The Theosophical Forum – September 1943

HERE IS ONE ANSWER — Leoline L. Wright

Someone said to me the other day, "Theosophy is just another phase of the literature of escape. You people sit around and read and lecture about these grandiose cosmic ideas while all the time the world is going to the dogs around you. There's nothing really living and creative about Theosophy."

I then called his attention to the following statement of Sir William Henry Beveridge in connexion with his plan for the abolishment of poverty in Great Britain:

This planet is full of cruelty and oppression, of unexpected savagery, senseless injustice, killings of the body and killings of the spirit which one can do nothing to help — which one feels ought to rouse the conscience of humanity.

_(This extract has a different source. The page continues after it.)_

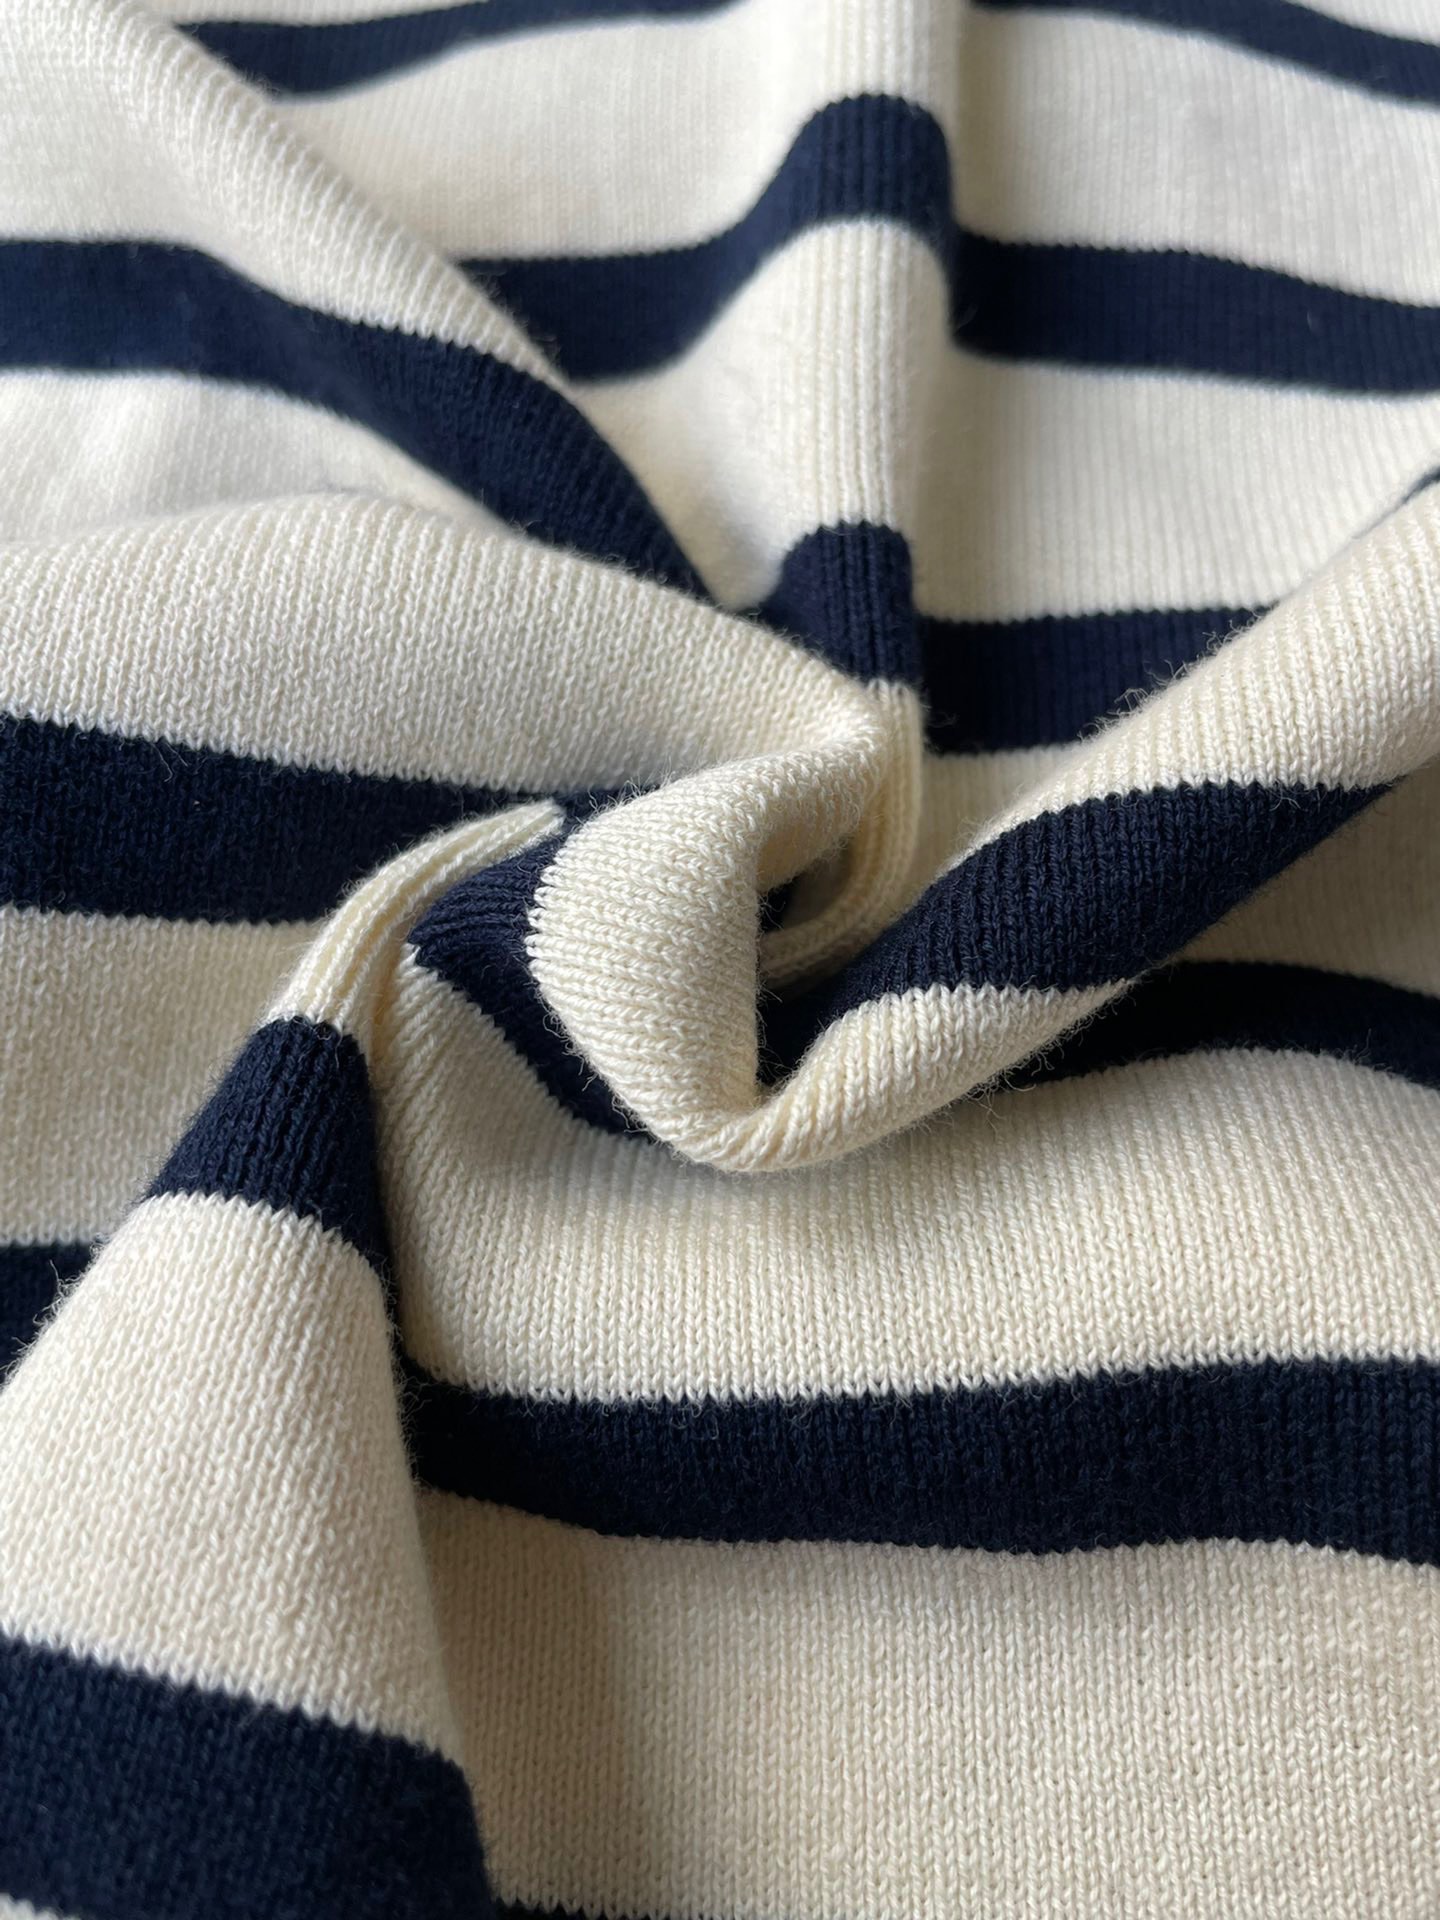 按照gw的描述吧紧密的纺纱工艺织造，手感密实，清爽且舒适
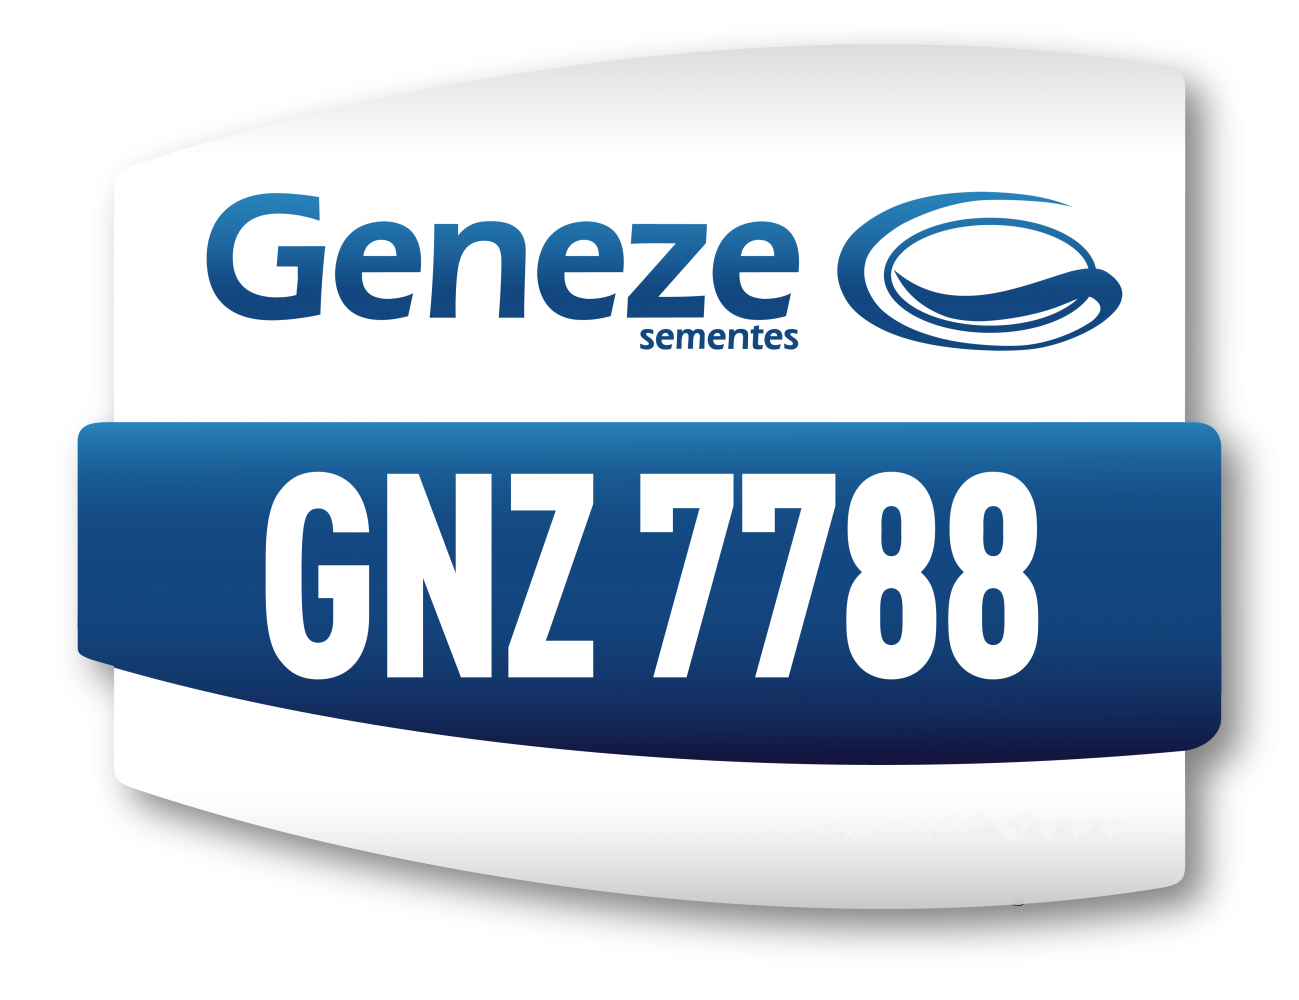 GNZ 7788

Beveridge said this in admitting that his plan would not make the world over. In fact he seems to doubt, as in this statement, that the world can be made over.

In quoting the above in response to my friend's objection I pointed out that here in the presentment of conditions which "we can do nothing about," is just where Theosophy comes in. Because it is so long range in its vision and methods of cure Theosophy seems to many at first sight both cold and unpractical. But one of the sound things about the Wisdom-Religion is that it has no immediate panacea for human ills. If it offered a quick, universal solution it might well be suspect. But its goal is the reform of the individual. When enough individuals become convinced of the truth of Reincarnation and Karman; that man is an imperfectly evolved god struggling with a selfish animal nature which he inherits from his own past; when the majority have learned to understand the roots of their own psychology, and that they have a divine as well as an animal heredity — when enough individuals are convinced of these things, then the race will be well on its way out of the dangers from "unexpected savagery, senseless injustice" and the other things that seem to Beveridge to be incurable.

That this goal is a distant one, no one denies. It is true that if we could sweep the world with a belief in Theosophy a miracle of social reformation could easily result. But no Theosophist is foolish enough to expect such easy and quick results. Growth is a gradual and laborious process. Reformations founded simply upon emotional reactions are generally transient. It is only when beliefs are rooted in knowledge and tested by experience that emotional conviction has any value. Only such a process brought about by toil both of mind and heart can result in growth.

He who becomes a real Theosophist undergoes of his own volition such a "cure." No mere study of our teachings will make a Theosophist of him, the kind that becomes a creative power in his own world. He must become a moral, or better, a spiritual scientist, making of himself and his daily life a laboratory of spiritual research, experiment and eventual verification.

Even then he will rarely succeed without a Teacher. Of course it is barely possible to succeed without one. As a man might become a great scientist unaided by the work and the discoveries of colleagues and teachers. But no student, say of chemistry or biology, would today attempt such a wasteful and senseless independence.

So the wise student of Theosophy seeks a Teacher. He allies himself with colleagues and gets the benefits of association and exchange of ideas and methods. In doing this he obtains the guidance and the knowledge for his individual research in the laboratory of his own being. He will then discover the real meaning of that tenet of the Buddhist religion: "I take my refuge in the congregation."

The word "congregation" in its true esoteric sense as here used does not refer to a mere collection of men with the same ideas. Dr. de Purucker's interpretation is: "I go to the Order of Holy Ones as my refuge." The word covers thus the whole congregation of Teachers — Adepts, Mahatmans and Bodhisattwas — who have preceded us on the pathway of liberation.

When a man allies himself with the Theosophical Society, founded under the auspices of the Mahatmans, and especially with its more esoteric work, he becomes an integral part of that Order. It is an organization of beings which we call the Brotherhood of Compassion. In a strict sense all humanity belongs to that Brotherhood, whose work consists largely in laboring incessantly for the salvation of the world. But between a genuine Theosophist and a non-Theosophist there is this difference: the Theosophist is a self-conscious, growing and developing member of that Brotherhood, a working partner. He is on the way to becoming himself a Savior of humanity. The other is like a minor shareholder who benefits in an unconscious way without knowledge or power to share in the advantages of active responsibility and co-operation.

Is not just the sense of such privileged co-operation in itself a mighty inspiration?

As for proof of all this — well, let anyone try living for six months the life outlined by Theosophy. "The proof of the pudding is in the eating." Let a man start reforming himself in the light of Theosophy and the evidence for its truth soon becomes overwhelming.

Yes, in one sense Theosophy is the "literature of escape" — escape from the tyranny of our animal selves, and escape for the world from ignorance, and from the cruelty and selfishness which spring from these factors. The only thing needed is to get busy and test Theosophy out for one's self.